Molecular mechanism of Hoxd13-mediated congenital malformations in rat embryos.

OBJECTIVE: To investigate the molecular mechanism of Hoxd13-mediated congenital malformations in rat embryos. METHODS: SD female rats were mated with male rats in a 1:1 mating scheme. Thirty pregnant female rats were randomly divided into three groups: the control group receiving a normal diet, the model group receiving a vitamin A-deficient diet, and the treatment group receiving a vitamin A-deficient diet supplemented with pcDNA-Hoxd13. The expression of Hoxd13 mRNA and protein in normal embryonic tissue and congenital malformations was determined by RT-PCR and Western blot analysis.

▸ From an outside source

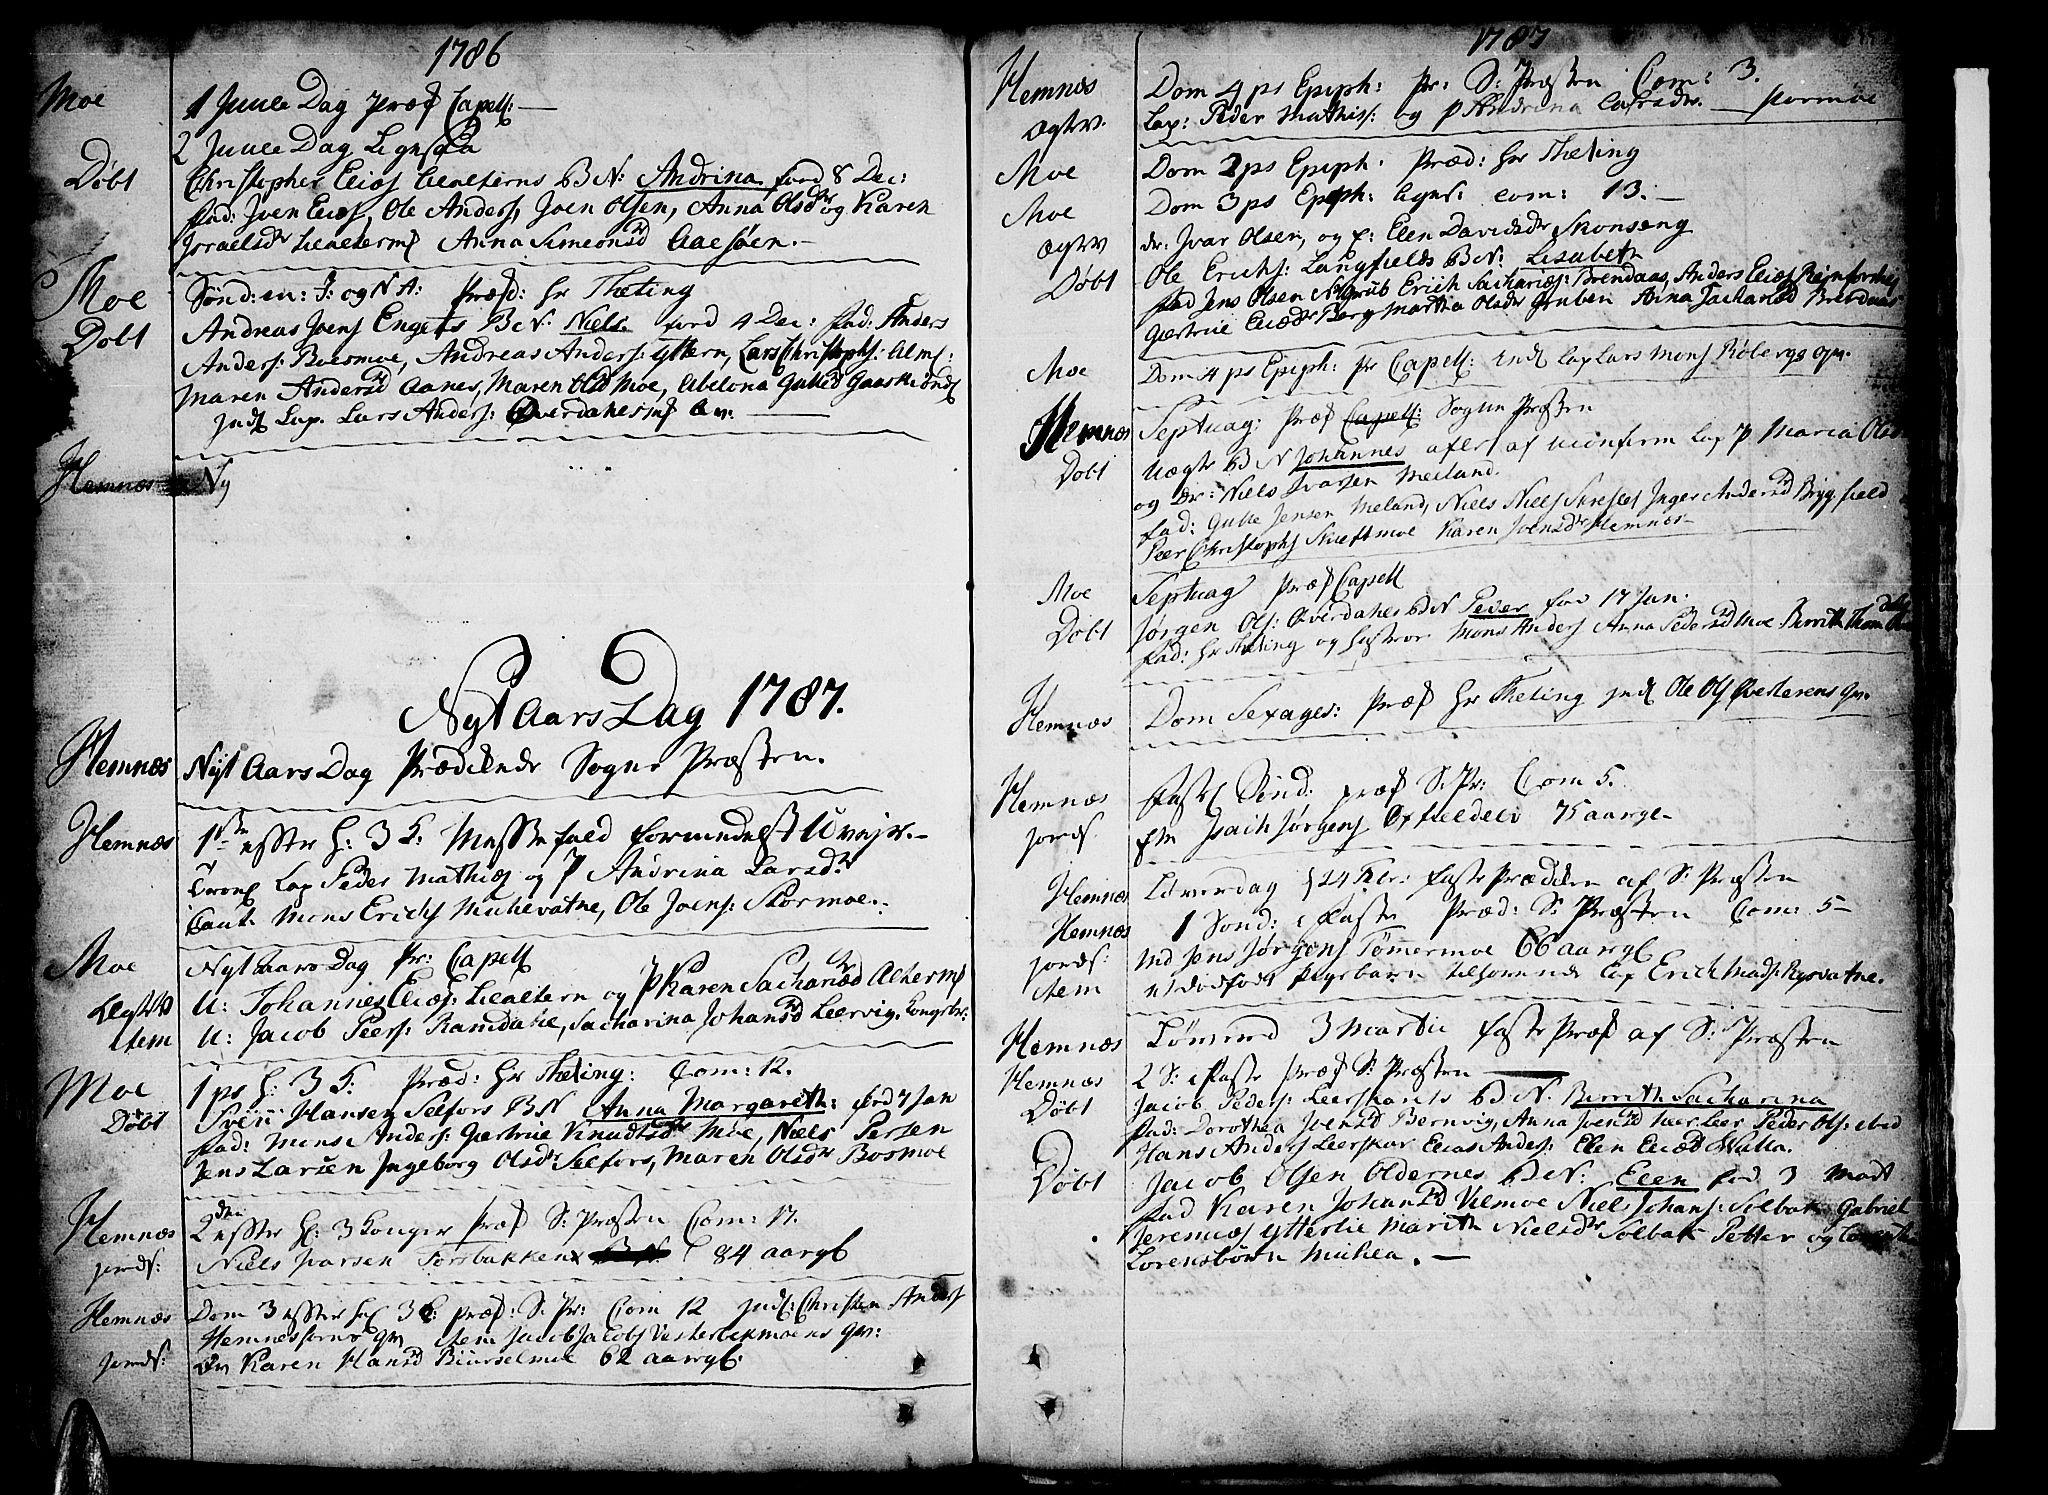 SAT, Ministerialprotokoller, klokkerbøker og fødselsregistre - Nordland, 825/L0348: Parish register (official) no. 825A04, 1752-1788, p. 357

At day 20, rats were dissected, and the fetal weight, body and tail length, and the number of live births, absorbed fetus, and stillbirth in each group were recorded. Wnt and Slim1 expression was detected by RT-PCR and Western blot analysis. ß-catenin and c-myc expression was also quantified by Western blot analysis. RESULTS: The expression of Hoxd13 mRNA and protein in congenital malformations was significantly lower compared with normal embryonic tissue (P<0.01). The administration of exogenous Hoxd13 in the treatment group markedly increased the fetal weight, body and tail length (P<0.05), improved the embryonic survival rate, and reduced the embryonic resorption rate and stillbirth rate (P<0.05). Exogenous Hoxd13 markedly promoted the expression of Wnt2, Wnt5a, Wnt7b and Slim1 protein and mRNA (P<0.01), and the expression of ß-catenin and c-myc protein in congenital malformations (P<0.01). CONCLUSION: Hoxd13 expression was decreased in rat embryos with congenital malformations. The administration of exogenous Hoxd13 alleviated fetal malformation probably through stimulation of Slim1 expression and Wnt/ß-catenin signaling pathway.